■ **Work required**
I'd like the data below restated word for word, with the pictures left out.

■ **Information supplied**
• • • • • • •

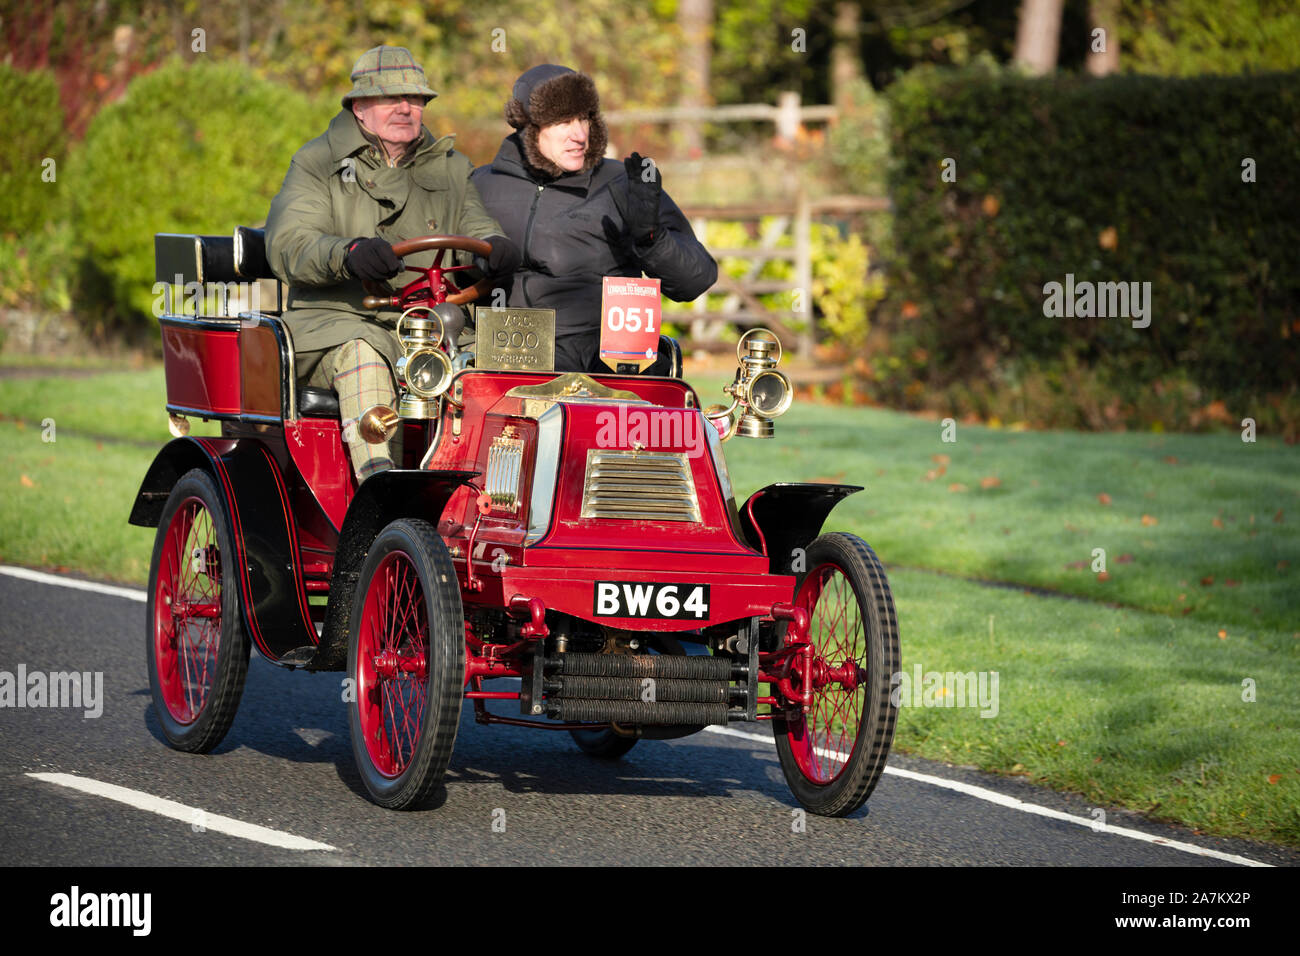 A 1900 Darracq takes part in the Bonhams London to Brighton Veteran Car Run 2019 Stock Photo
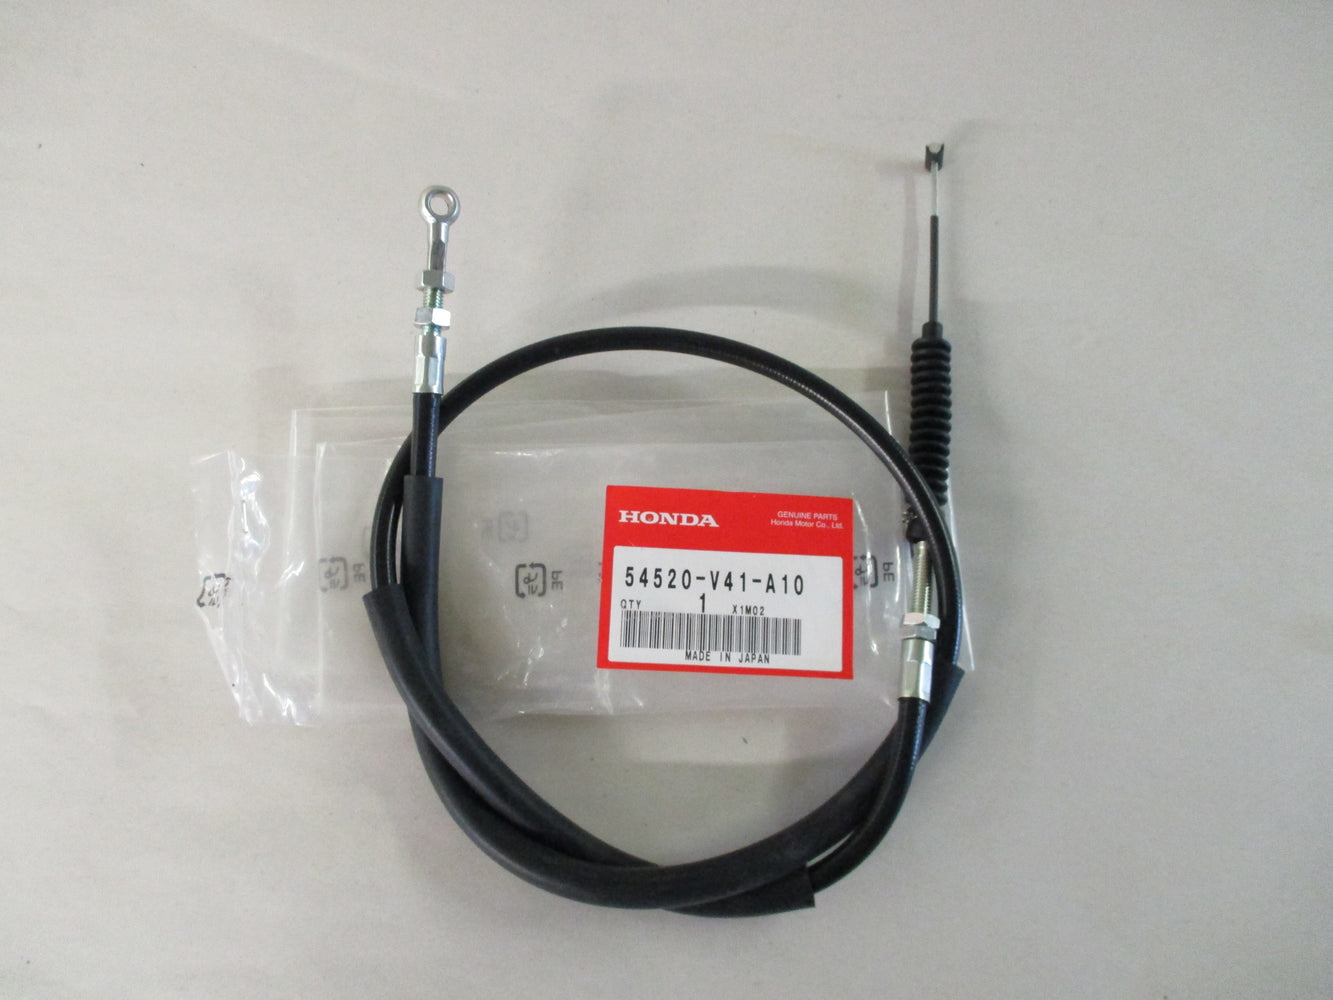 Genuine Honda 54520-V41-A10 Auger Clutch Cable Fits HS928K1
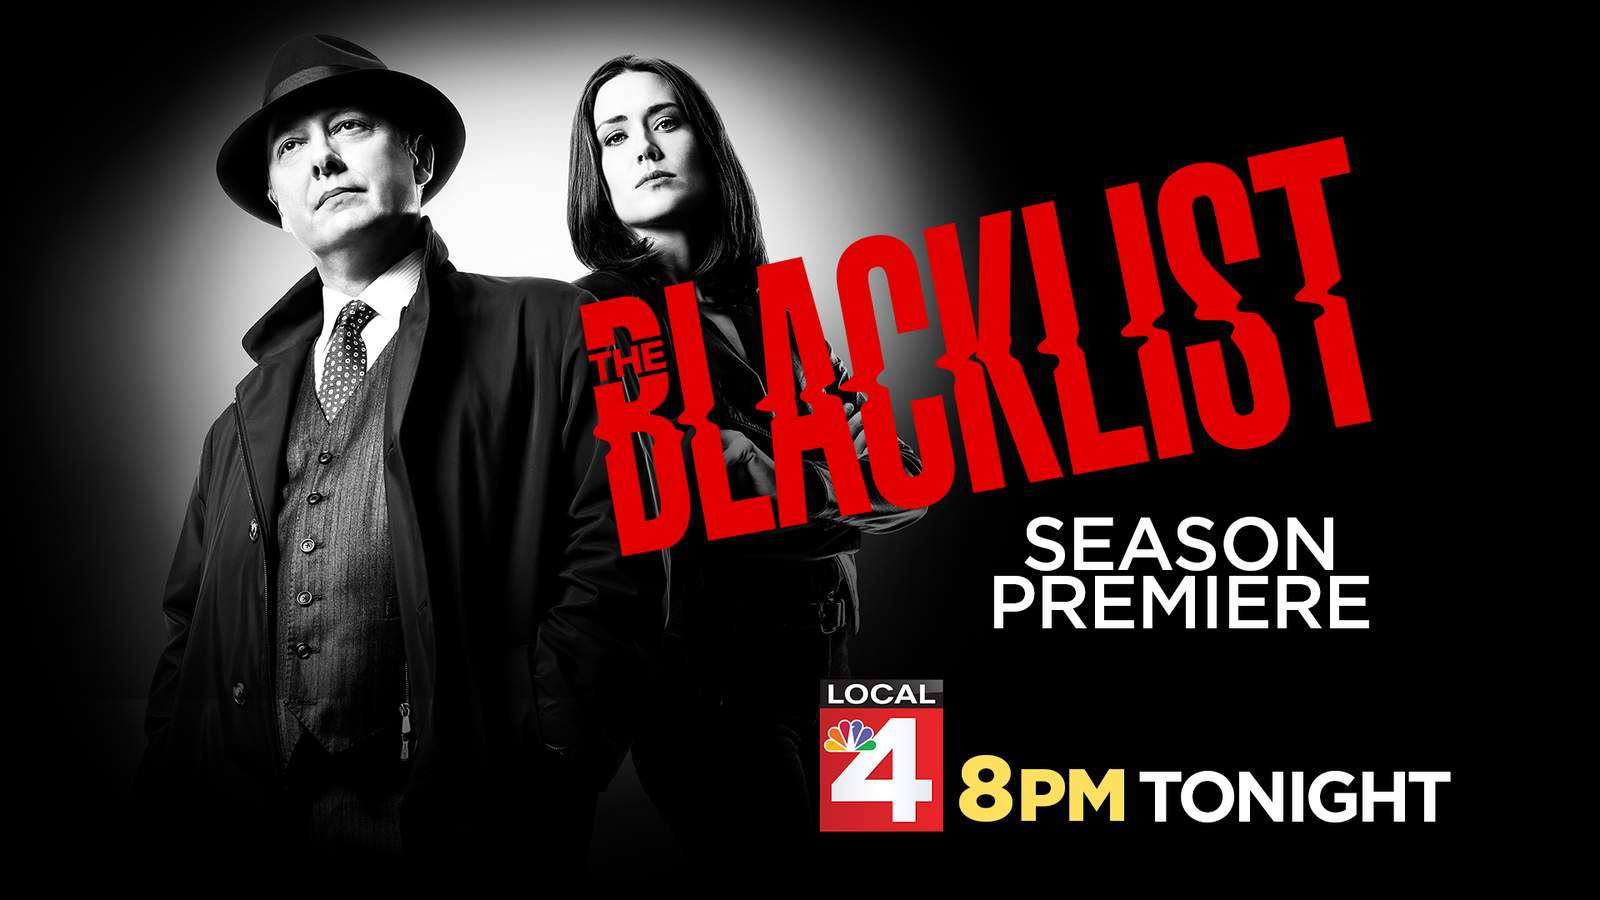 ‘The Blacklist’ Season Premiere
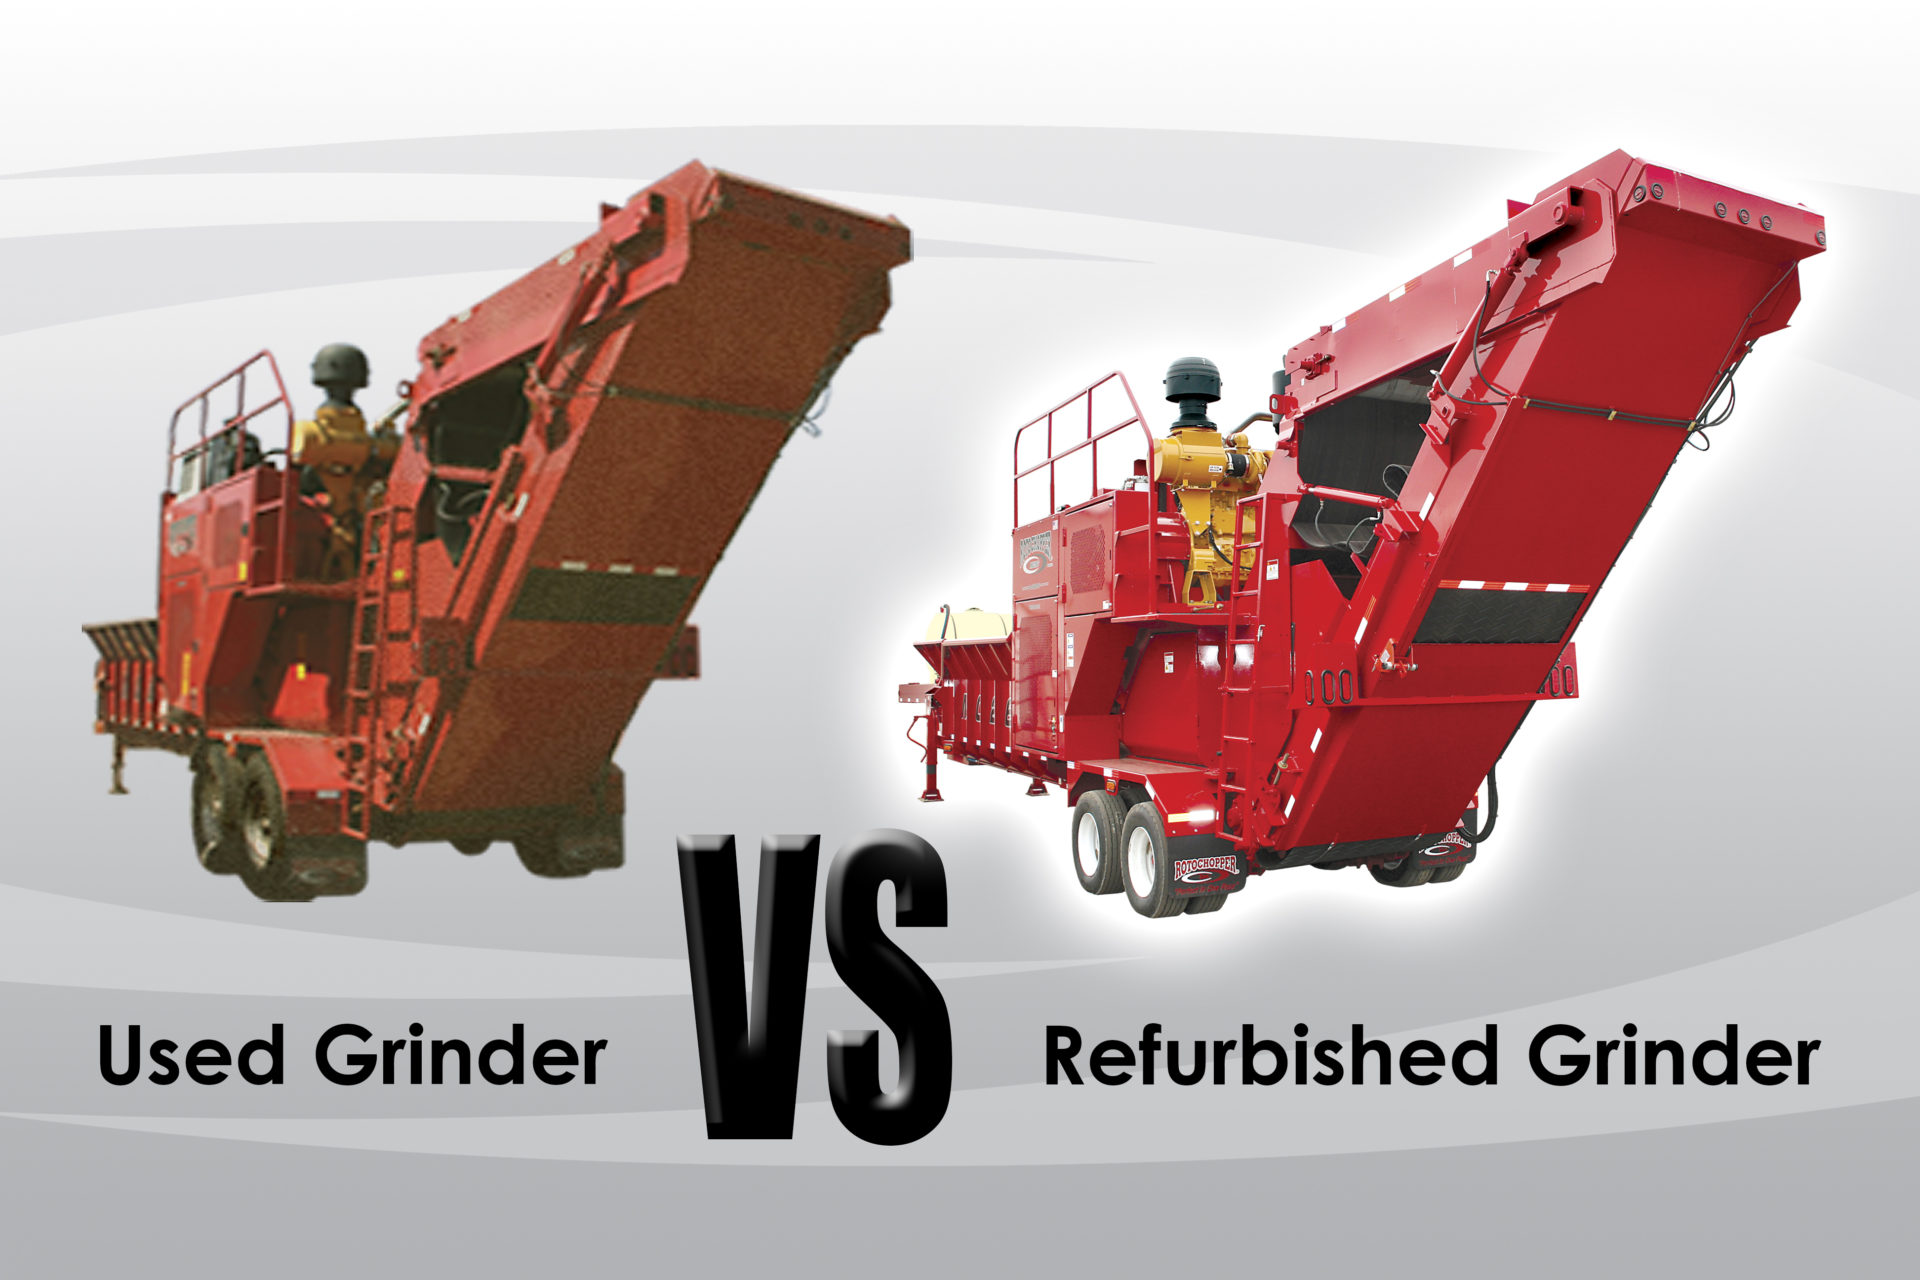 refurbished vs used wood grinder

• • • • • • •

■ **Solution for this exercise**
 A 1900 Darracq takes part in the Bonhams London to Brighton Veteran Car Run 2019 Stock Photo
 Genuine Honda 54520-V41-A10 Auger Clutch Cable Fits HS928K1
 ‘The Blacklist’ Season Premiere
 refurbished vs used wood grinder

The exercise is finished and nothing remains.